◆ Description of the task ◆
Leaving out all pictures, return exactly the lines from the one that contains "B. The oxidation" through the end of the data below.

◆ Information given ◆
++++

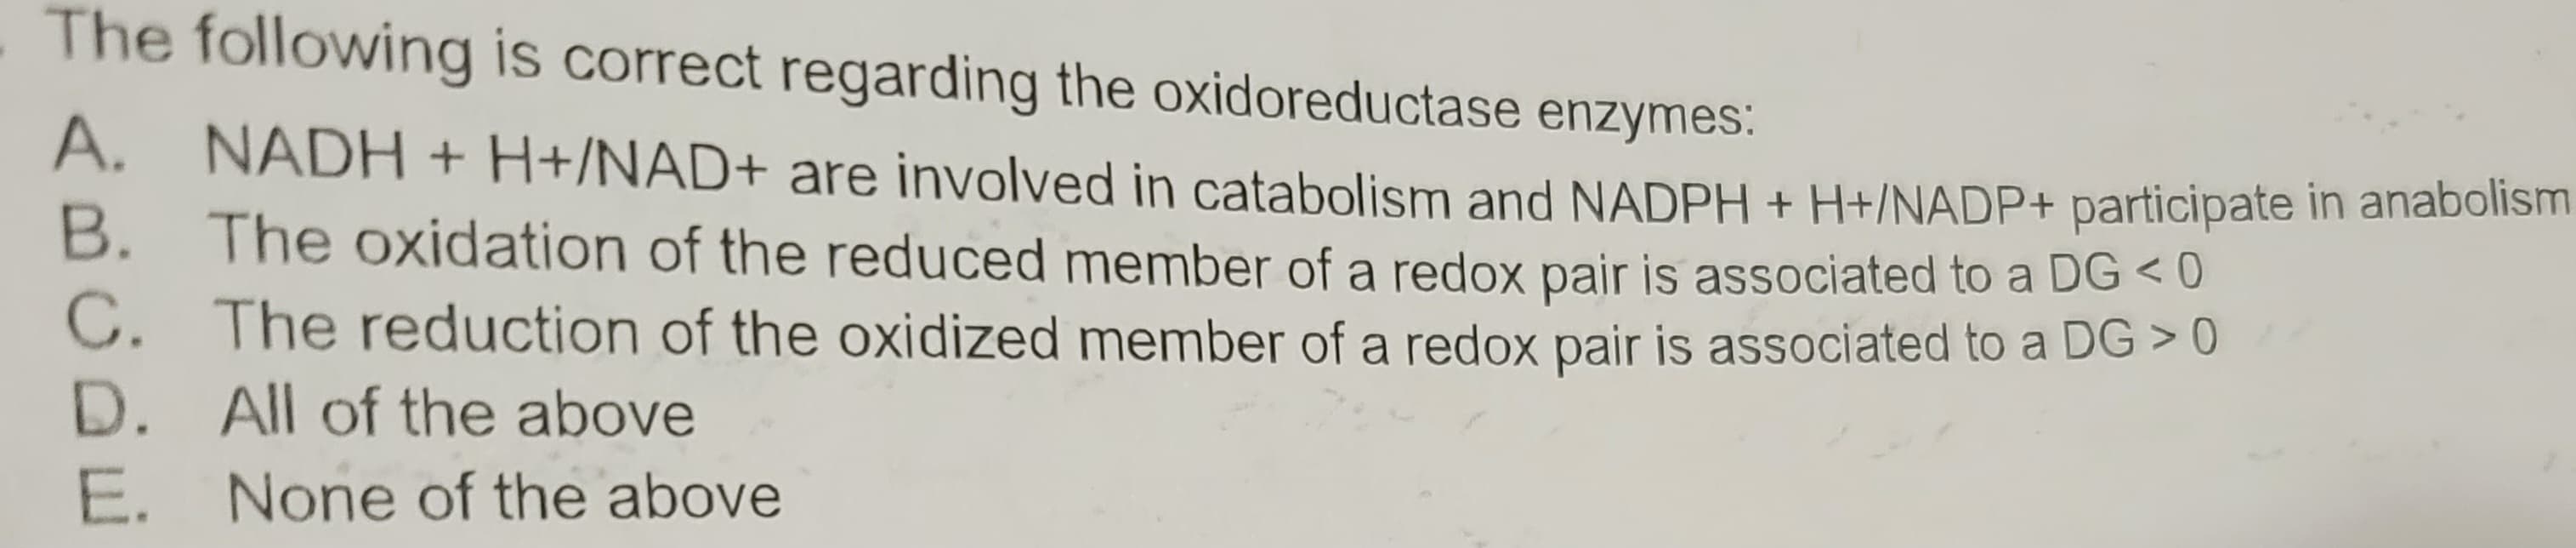 The following is correct regarding the oxidoreductase enzymes:
A. NADH + H+/NAD+ are involved in catabolism and NADPH + H+/NADP+ participate in anabolism
B. The oxidation of the reduced member of a redox pair is associated to a DG < 0
C. The reduction of the oxidized member of a redox pair is associated to a DG > 0
D. All of the above
E. None of the above
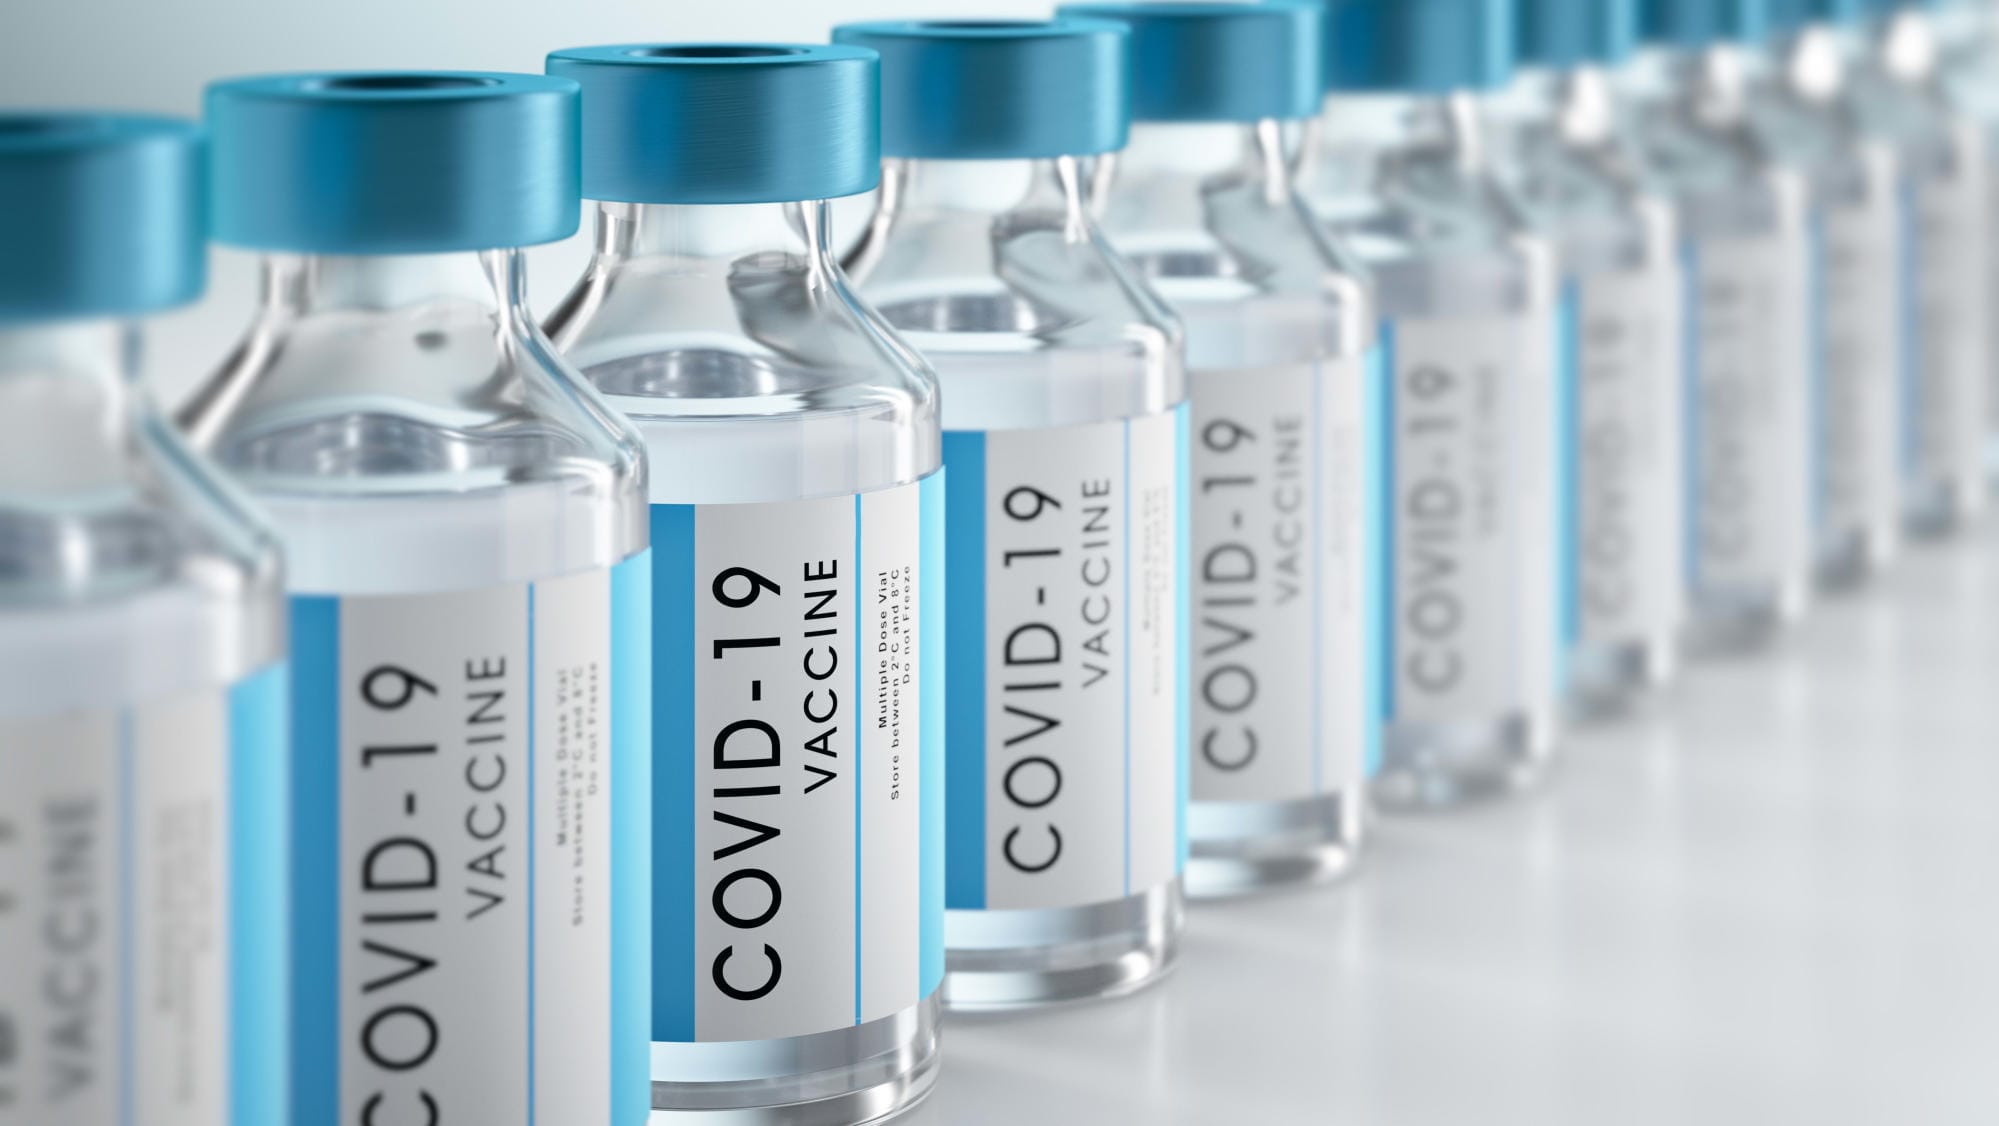 Booster Shots and Third Vaccines of Covid-19: Everything You Should Know
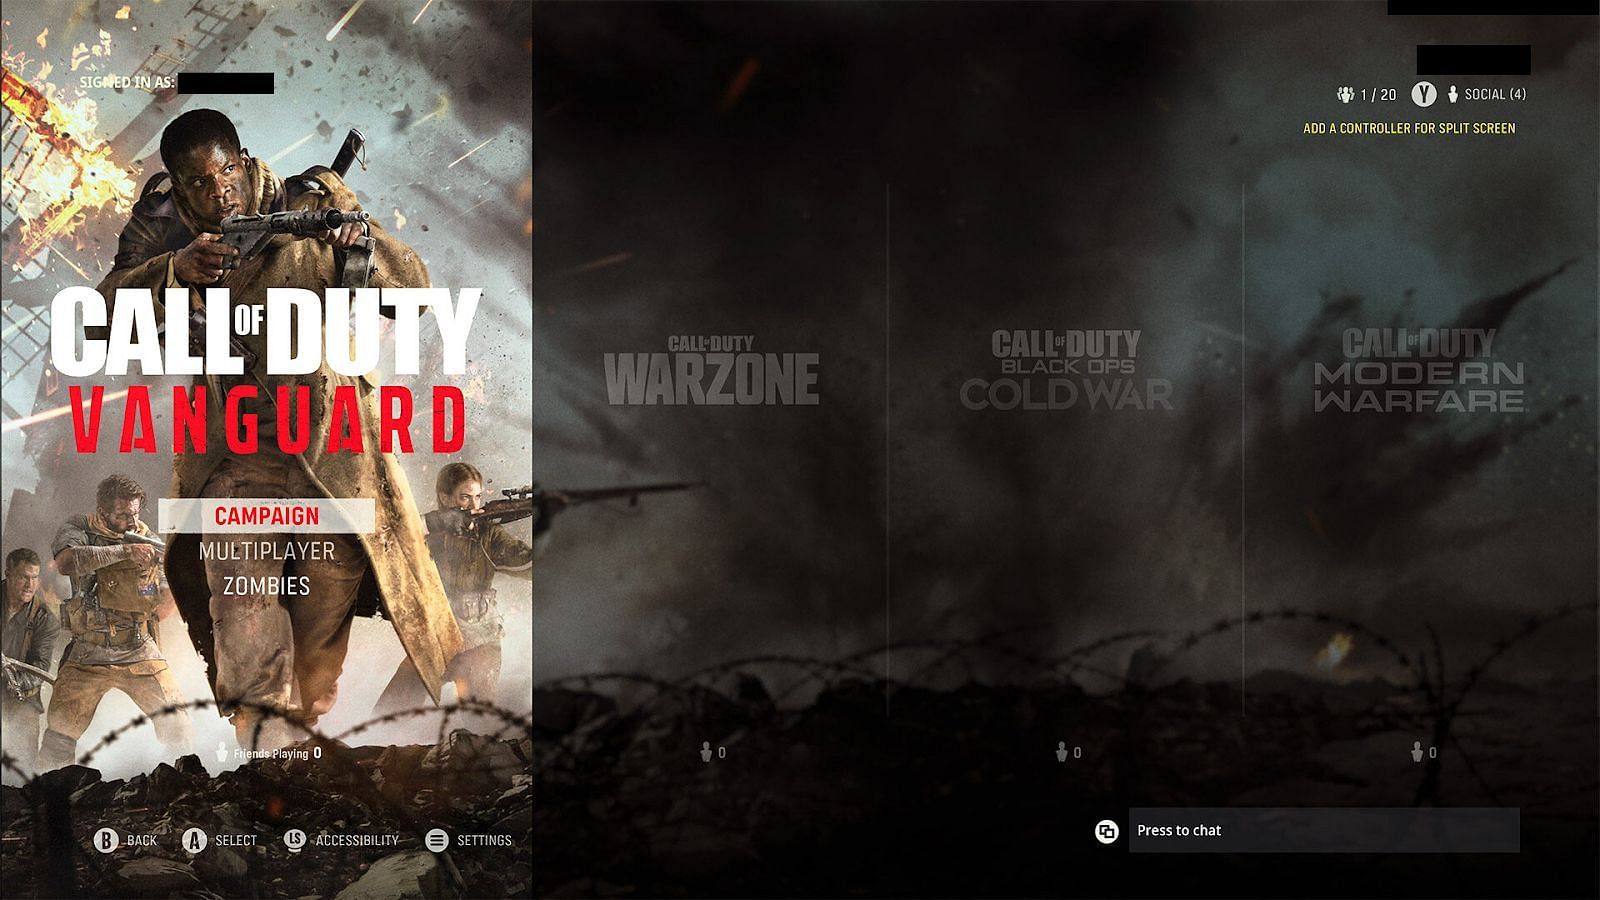 Current menu with Vanguard, Warzone, Black Ops Cold War, and Modern Warfare (Image by Activision)

++++

◆ Final answer ◆
B. The oxidation of the reduced member of a redox pair is associated to a DG < 0
C. The reduction of the oxidized member of a redox pair is associated to a DG > 0
D. All of the above
E. None of the above
 Booster Shots and Third Vaccines of Covid-19: Everything You Should Know
 Current menu with Vanguard, Warzone, Black Ops Cold War, and Modern Warfare (Image by Activision)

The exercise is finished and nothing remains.